Credal Ensemble Distillation for Uncertainty Quantification

TL;DR

This paper introduces credal ensemble distillation (CED), a method that compresses deep ensembles into a single model predicting probability intervals, improving uncertainty quantification and reducing inference costs.

Contribution

The paper presents a novel framework, CED, that distills deep ensembles into a single model with credal sets for better uncertainty estimation and efficiency.

Findings

CED achieves comparable or superior uncertainty estimation to deep ensembles.

CED significantly reduces inference costs compared to traditional deep ensembles.

Empirical results on out-of-distribution detection benchmarks validate CED's effectiveness.

Abstract

Deep ensembles (DE) have emerged as a powerful approach for quantifying predictive uncertainty and distinguishing its aleatoric and epistemic components, thereby enhancing model robustness and reliability.
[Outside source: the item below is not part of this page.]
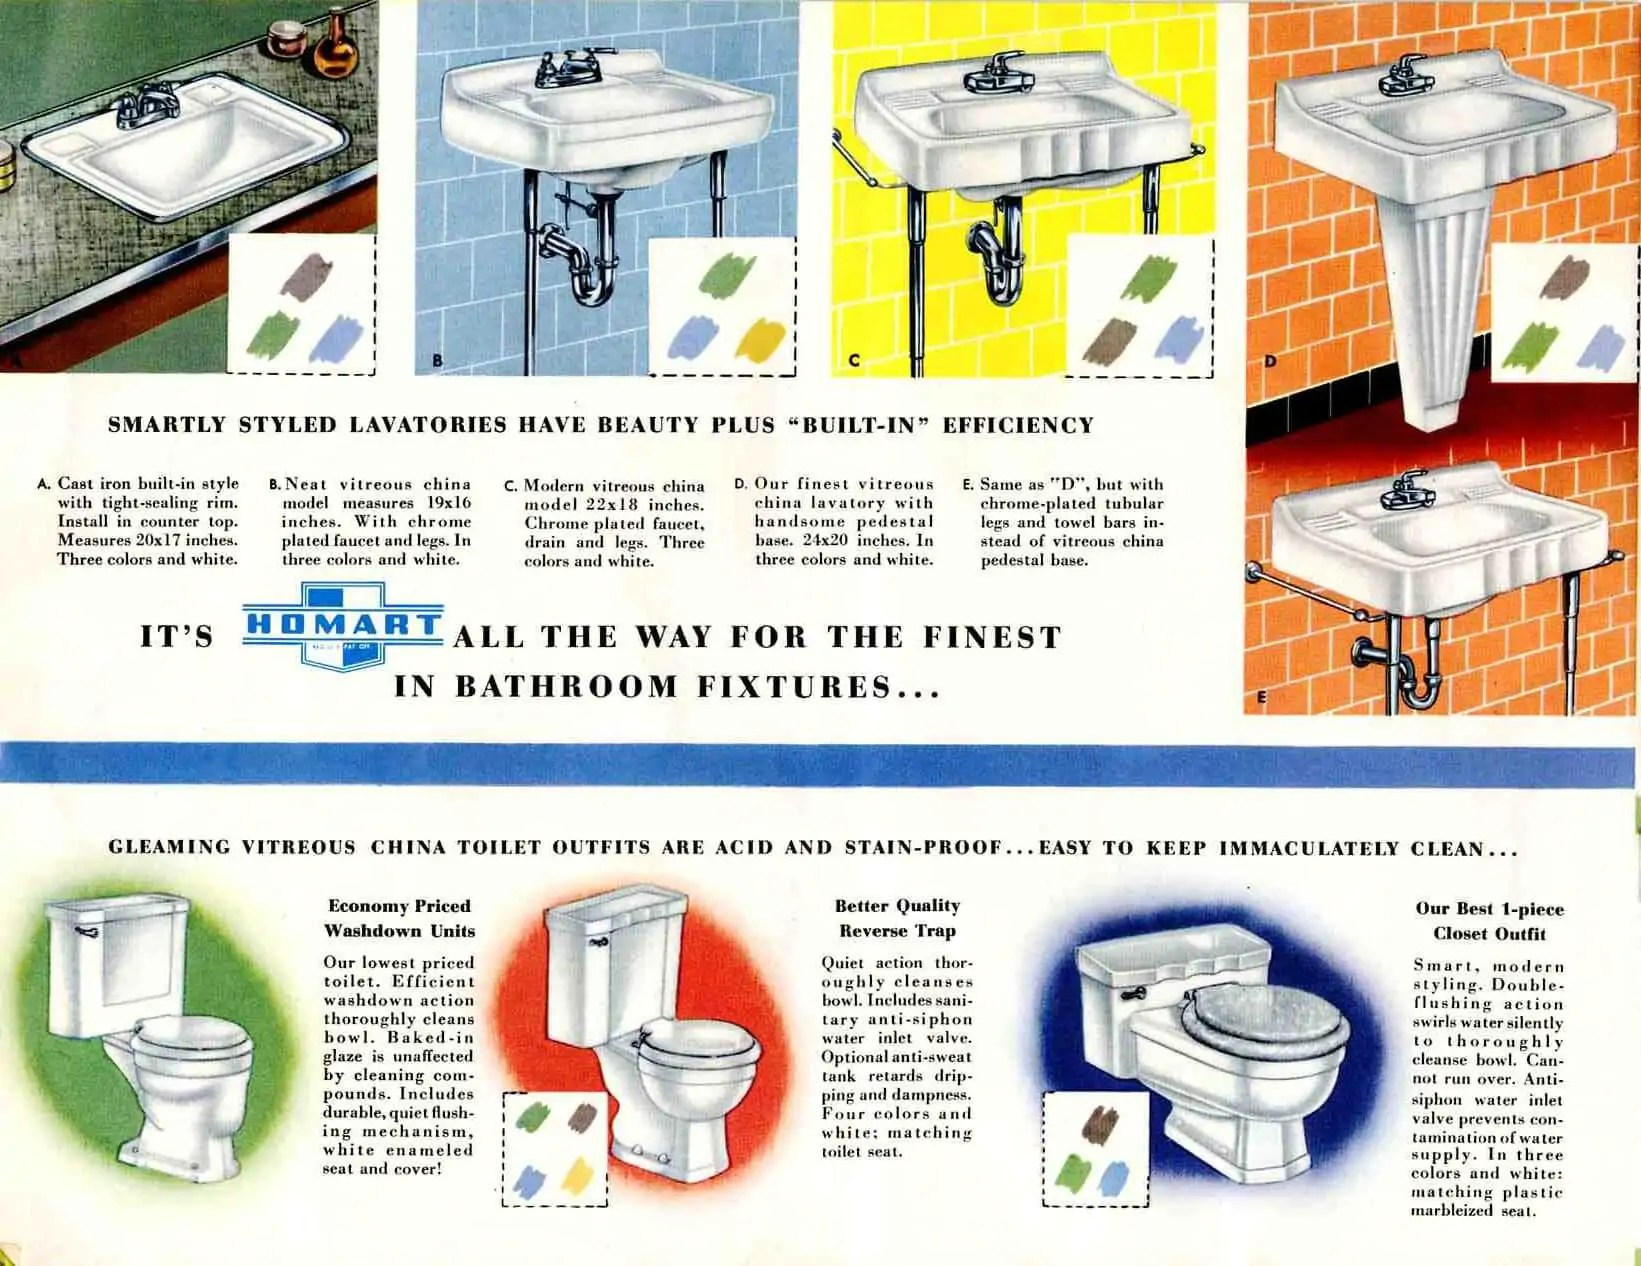 retro bathroom sinks toilets and a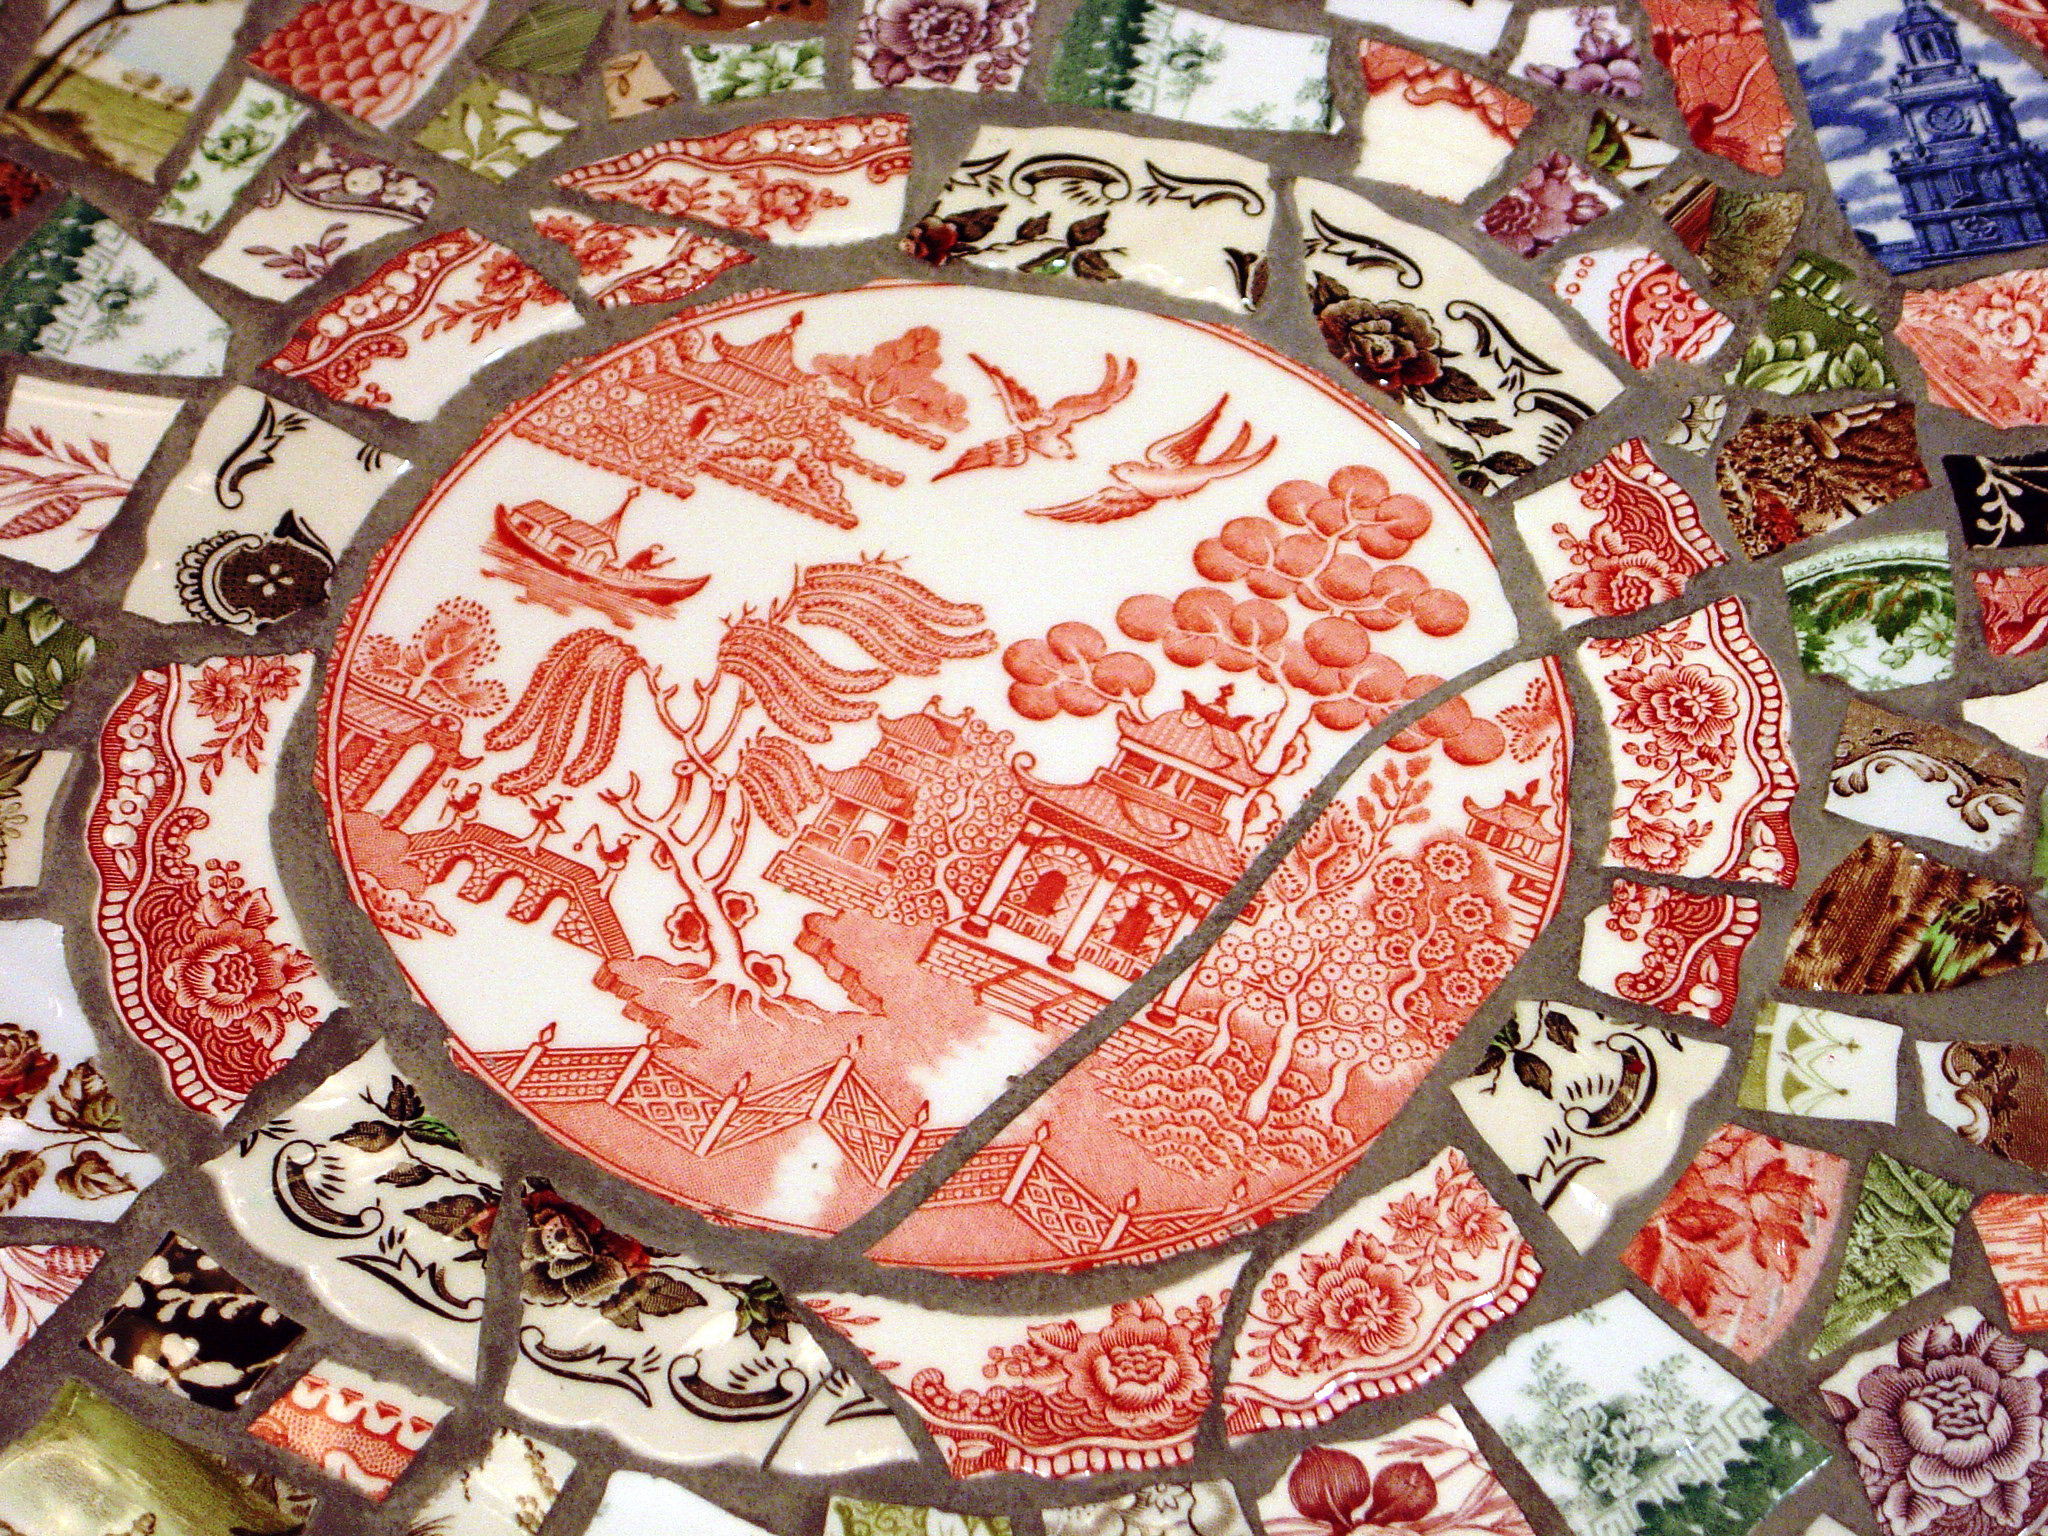 Custom-Mosaic-Table-2-DSC00104.jpg

However, their high computational and memory costs during inference pose significant challenges for wide practical deployment. To overcome this issue, we propose credal ensemble distillation (CED), a novel framework that compresses a DE into a single model, CREDIT, for classification tasks. Instead of a single softmax probability distribution, CREDIT predicts class-wise probability intervals that define a credal set, a convex set of probability distributions, for uncertainty quantification. Empirical results on out-of-distribution detection benchmarks demonstrate that CED achieves superior or comparable uncertainty estimation compared to several existing baselines, while substantially reducing inference overhead compared to DE.